Why they do this was something of a mystery, until it became apparent that getting others to imitate them is a strategy that clearly works to their advantage. Once the other cliff swallows are recruited, they act as additional scouts, surrogate selves who can further explore the problem space, by tracking the movements of the insects in a way that an individual cliff swallow would not be able to do. The more there are in the group, the better they can track the insects.
“We think something very similar is at work in our study,” Goldstone said. “You can’t possibly explore an entire problem search space on your own, but if you recruit other people, it’s to your advantage. They help you survey that area. You benefit when other people imitate you because they help you explore multiple variations around your solution that you couldn’t possibly pursue on your own.”

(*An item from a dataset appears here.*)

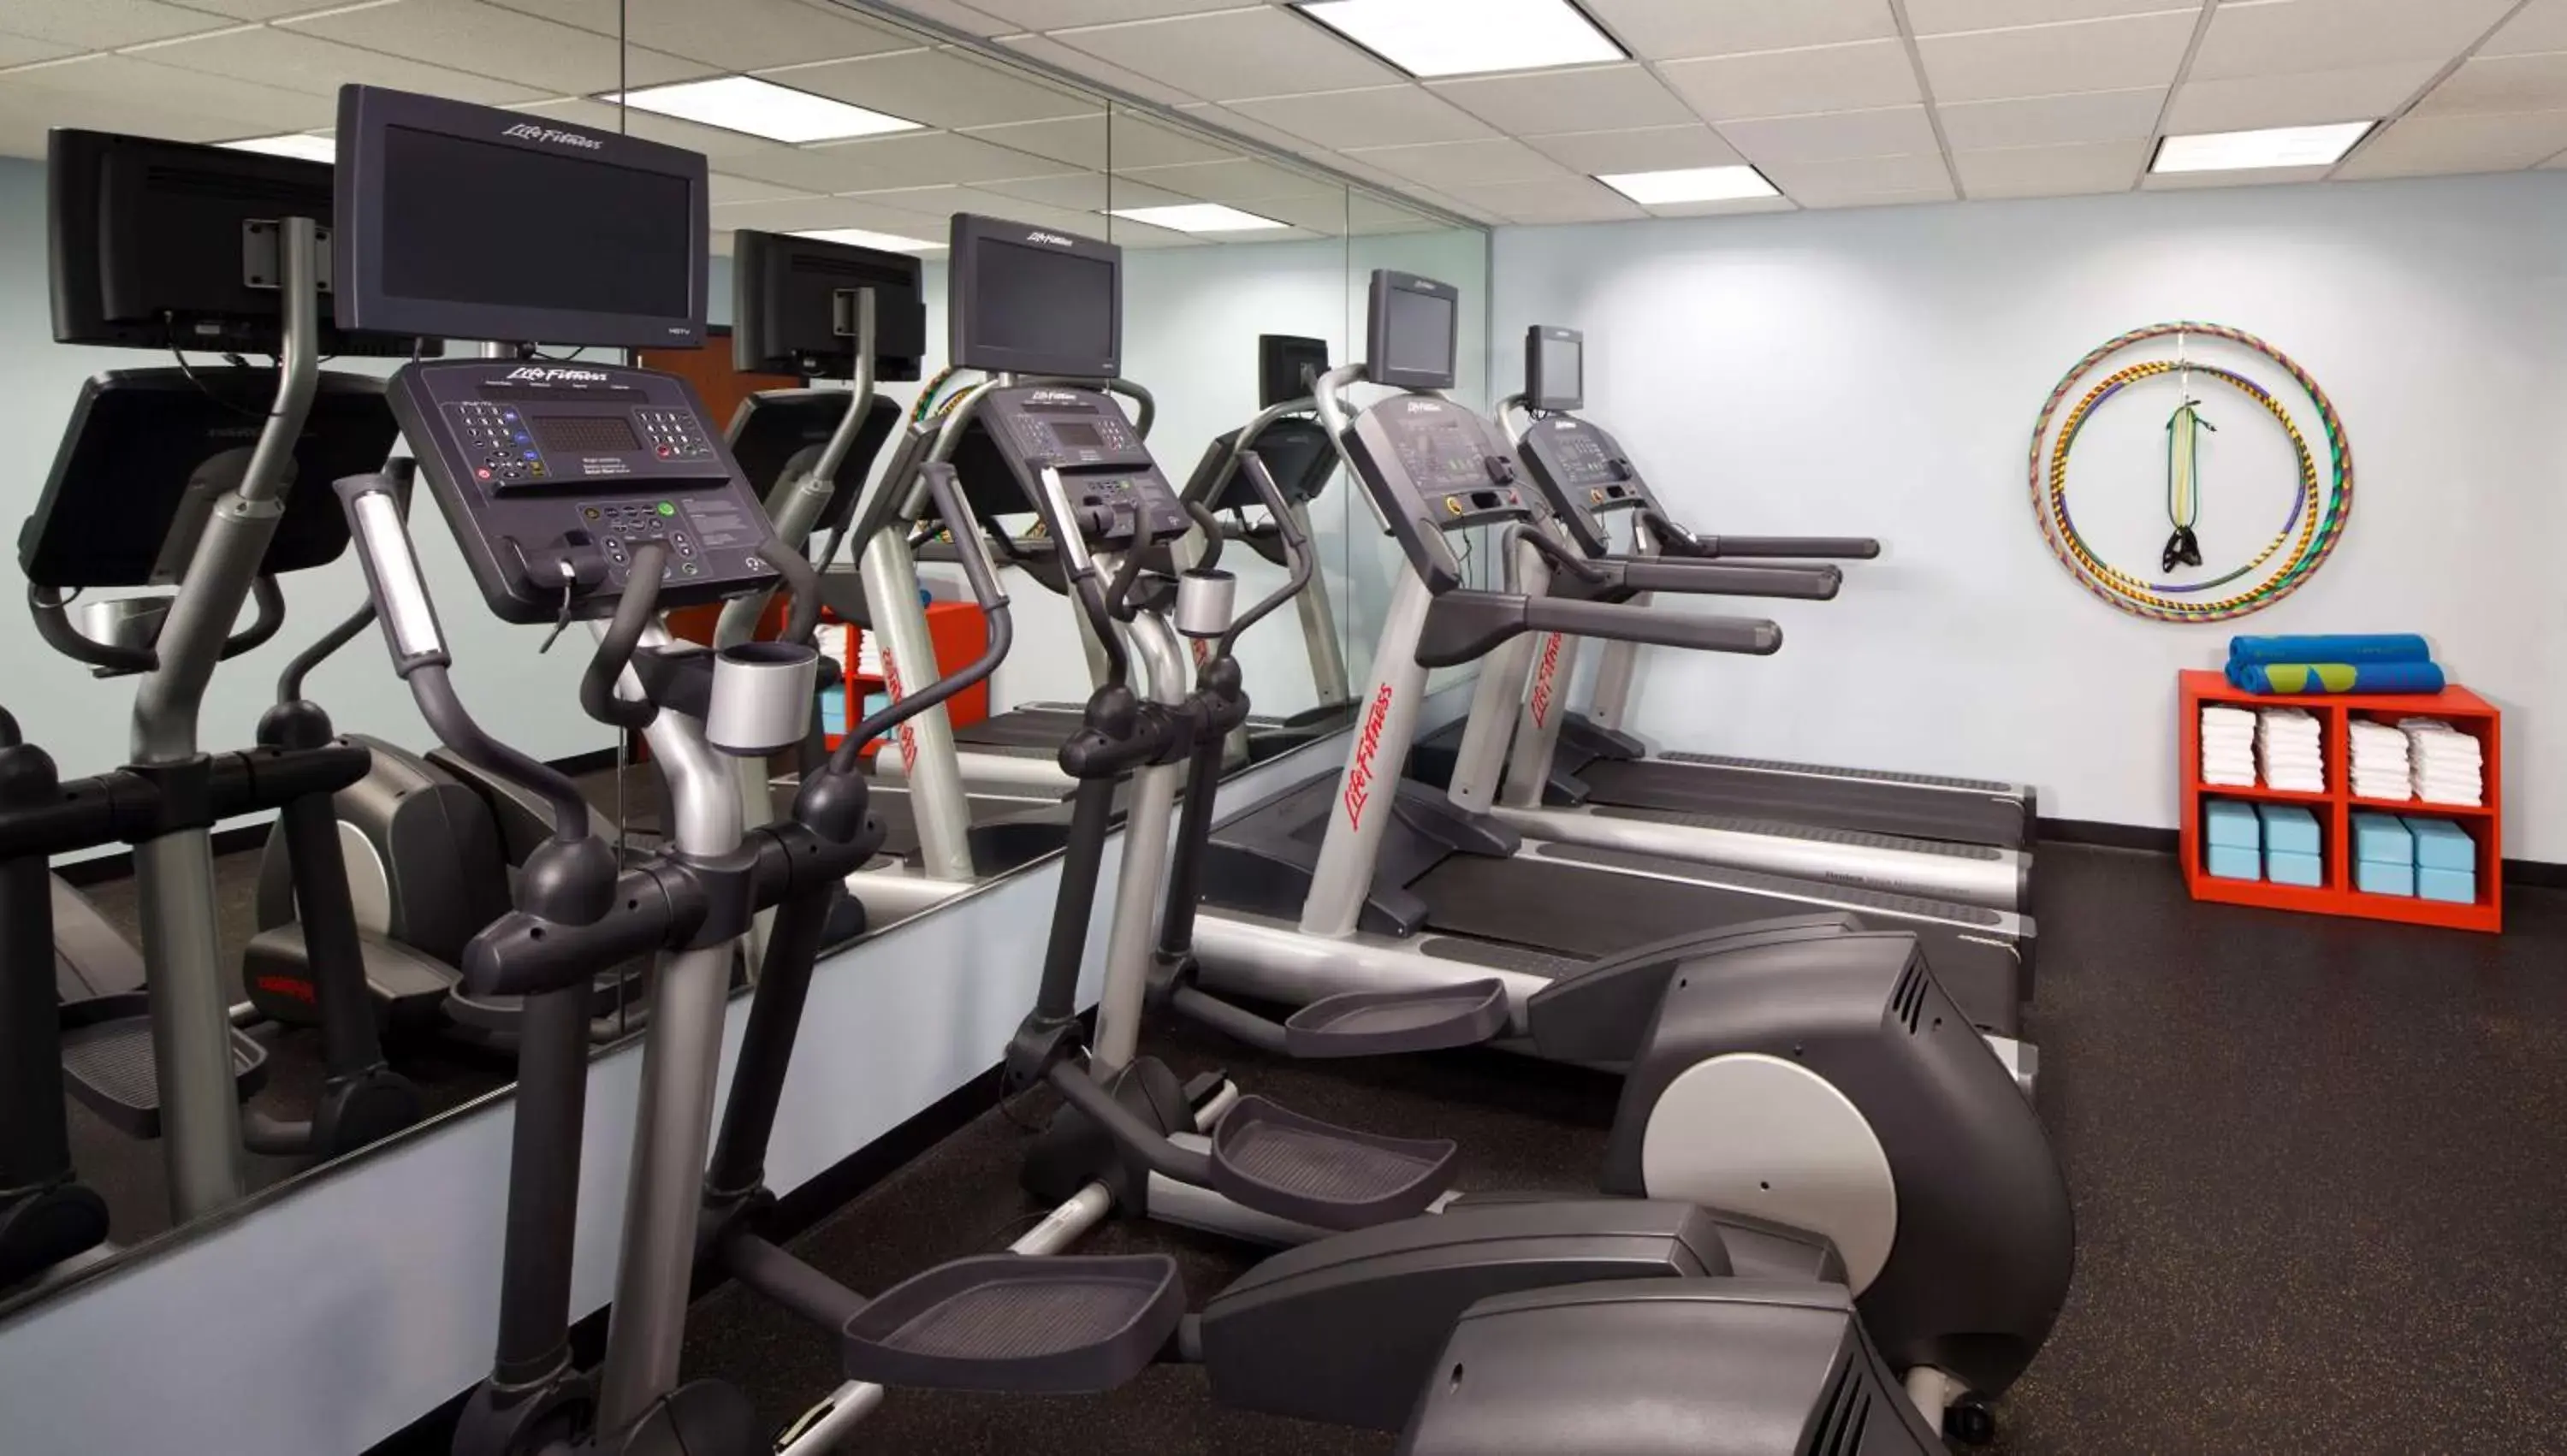 Fitness centre/facilities, Fitness Center/Facilities in Onyx Boston Downtown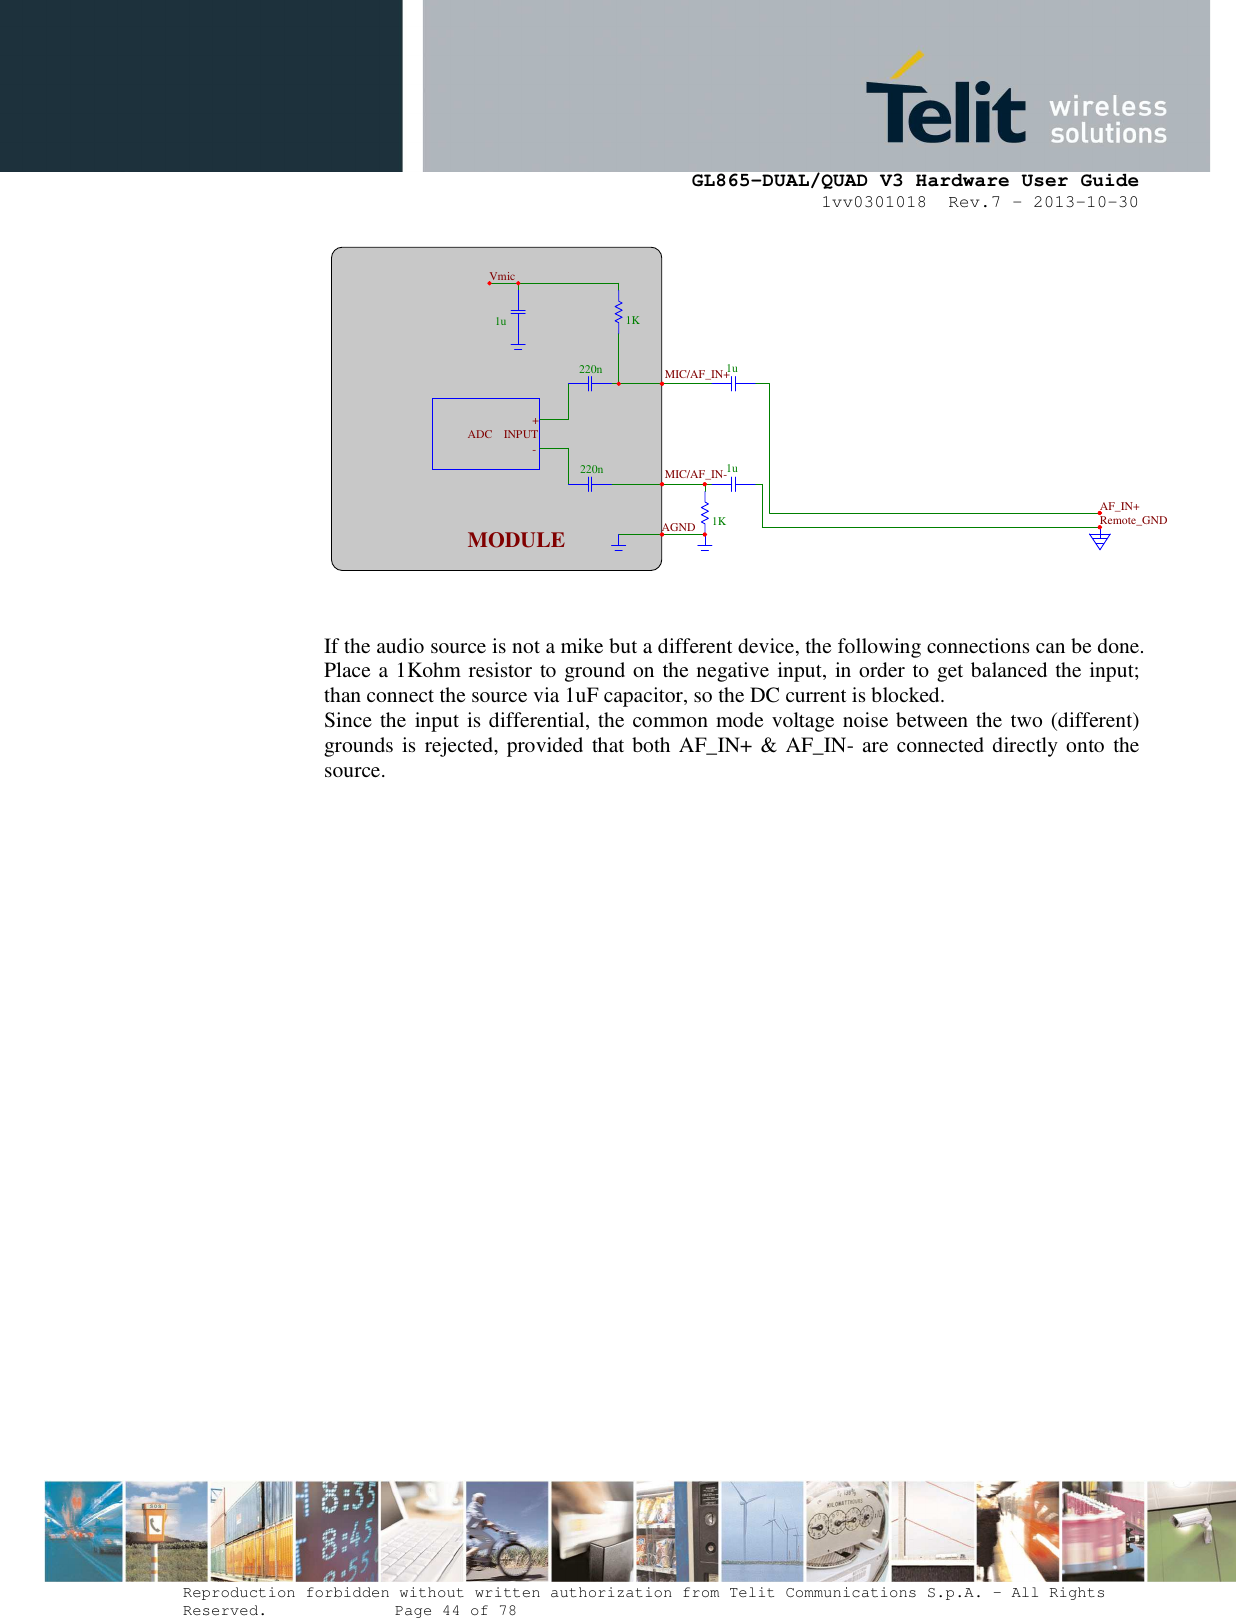      GL865-DUAL/QUAD V3 Hardware User Guide 1vv0301018  Rev.7 – 2013-10-30  Reproduction forbidden without written authorization from Telit Communications S.p.A. - All Rights Reserved.    Page 44 of 78 Mod. 0805 2011-07 Rev.2   If the audio source is not a mike but a different device, the following connections can be done. Place a 1Kohm resistor to ground on the negative input, in order to get balanced the input; than connect the source via 1uF capacitor, so the DC current is blocked. Since the input is differential, the common mode voltage noise between the two (different) grounds is rejected, provided that both AF_IN+ &amp; AF_IN- are connected directly onto the source. 1u220n220n1K 1K 1u 1u AF_IN+MIC/AF_IN+MIC/AF_IN-AGNDMODULE -+INPUTADCVmicRemote_GND

We see this all the time in business and technology, Goldstone said. “Think of all the tablets that are out there, mutually copying each others’ innovations. Or consider the way open source software communities work. People make available the software that they spent thousands of hours working on, hoping other people will ‘steal’ it, imitate it, so they then can take advantage of other people’s extensions.”
This “sharing of solutions for further cumulative improvement,” Wisdom said, “can also be seen in music remixing, open access scientific publishing and the use of Creative Commons licensing.”
To study the uses of imitation vs. innovation in solving problems, the researchers constructed a “problem space” using a computer game called “Creature League,” a made-up and simplified version of such popular computer games as Virtual Pets or Fantasy Football. The game, they said, is “a small subset of possible search problems” but represents a kind of problem space that is important and fairly common: “a combinatorial search space” that functions systematically but is too large and complex to be fully understood in the limited time given for the game.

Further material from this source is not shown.